There were positive correlations between functional indicator, functional-structural coupling properties and T2DM patients’ neuropsychological results, especially in memory and executive function. According to previous studies, it is inconsistent about the relationship between abnormal DC and cognitive impairment in T2DM patients. Some studies suggested that altered DC in multiple brain regions were not associated with neuropsychological tests` scores in T2DM patients (Liu et al., 2018; Li et al., 2020b), while Xia et al. found that memory scores were positively correlated with reduced DC in the left medial prefrontal cortex associated with visual processing (Xia et al., 2020), corresponding to our correlation analysis results in VC1. A hypothesis to explain this difference is that the cognitive status of T2DM patients in different researches are miscellaneous. Although functional-structural coupling has been identified to be closely related to cognitive impairment in some cognitive associated disorders such as Alzheimer's disease and multiple sclerosis (Dai et al., 2019; Koubiyr et al., 2021), few studies have reported the relationship between functional-structural coupling coefficients and cognitive deficits in T2DM patients. This study explored this correlation and found that the higher the DC-FA coefficients were, the higher the executive function related scores were. Taken together, these findings indicate that DC and DC-FA coefficients in VN may be potential imaging biomarkers for revealing early cognitive deficits of different dimensions in T2DM.

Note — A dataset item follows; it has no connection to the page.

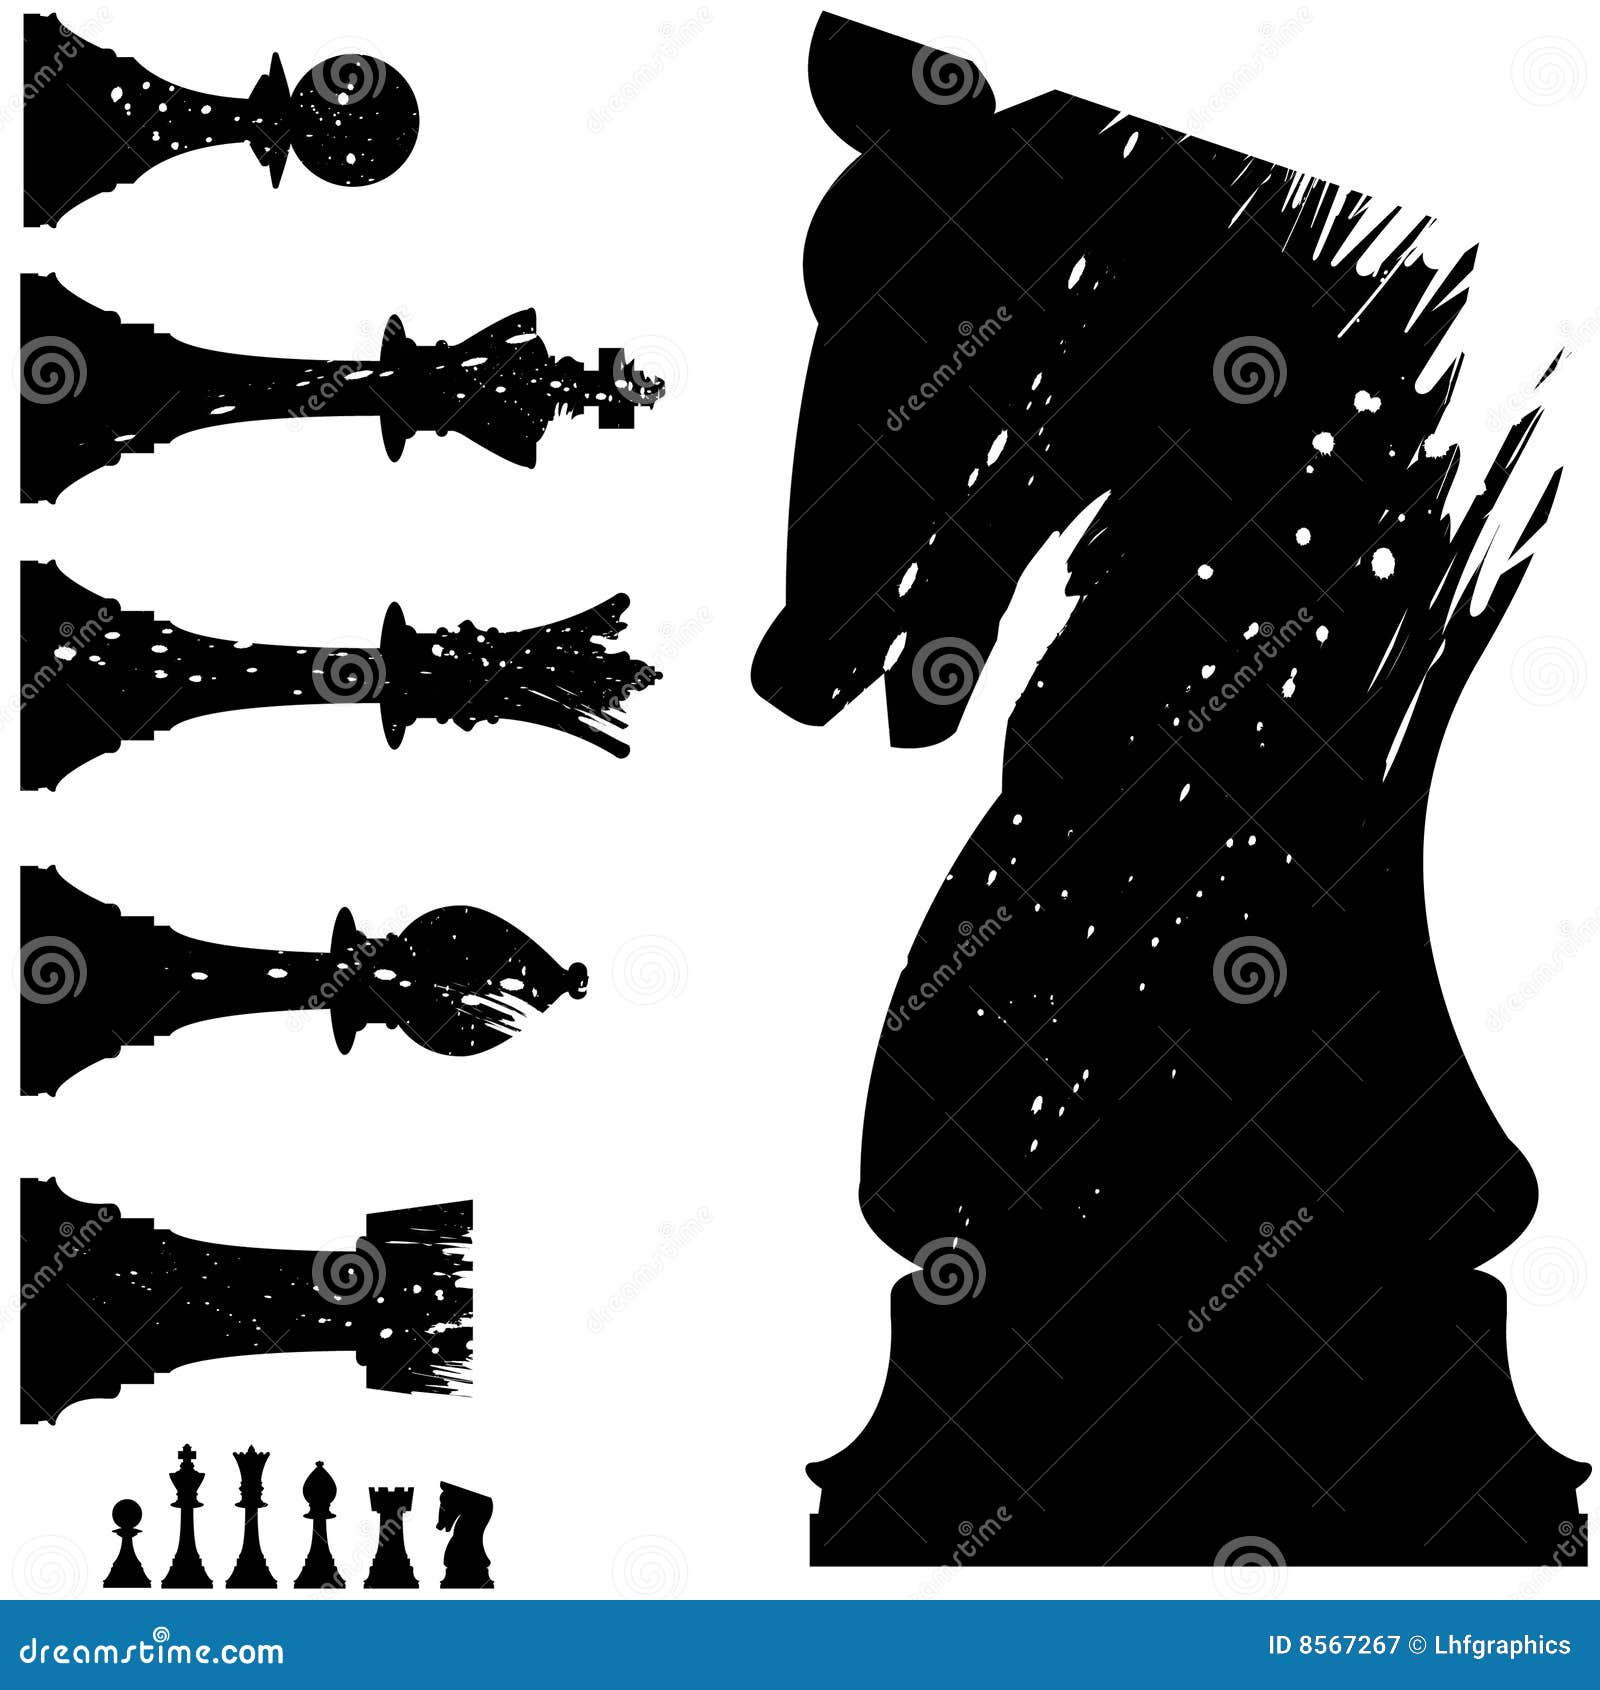  chess pieces in grunge style

This study has some limitations. The cross-sectional design limited our ability to demonstrate how functional–structural coupling coefficients dynamically reorganize in T2DM at the early stage of cognitive deficits. Future longitudinal studies are needed. There remain many clinical factors, such as diabetes medication, that have the potential effects on this study results. However, it is rather difficult to avoid these factors because the treatments have to be administrated to prevent the deterioration of the diseases.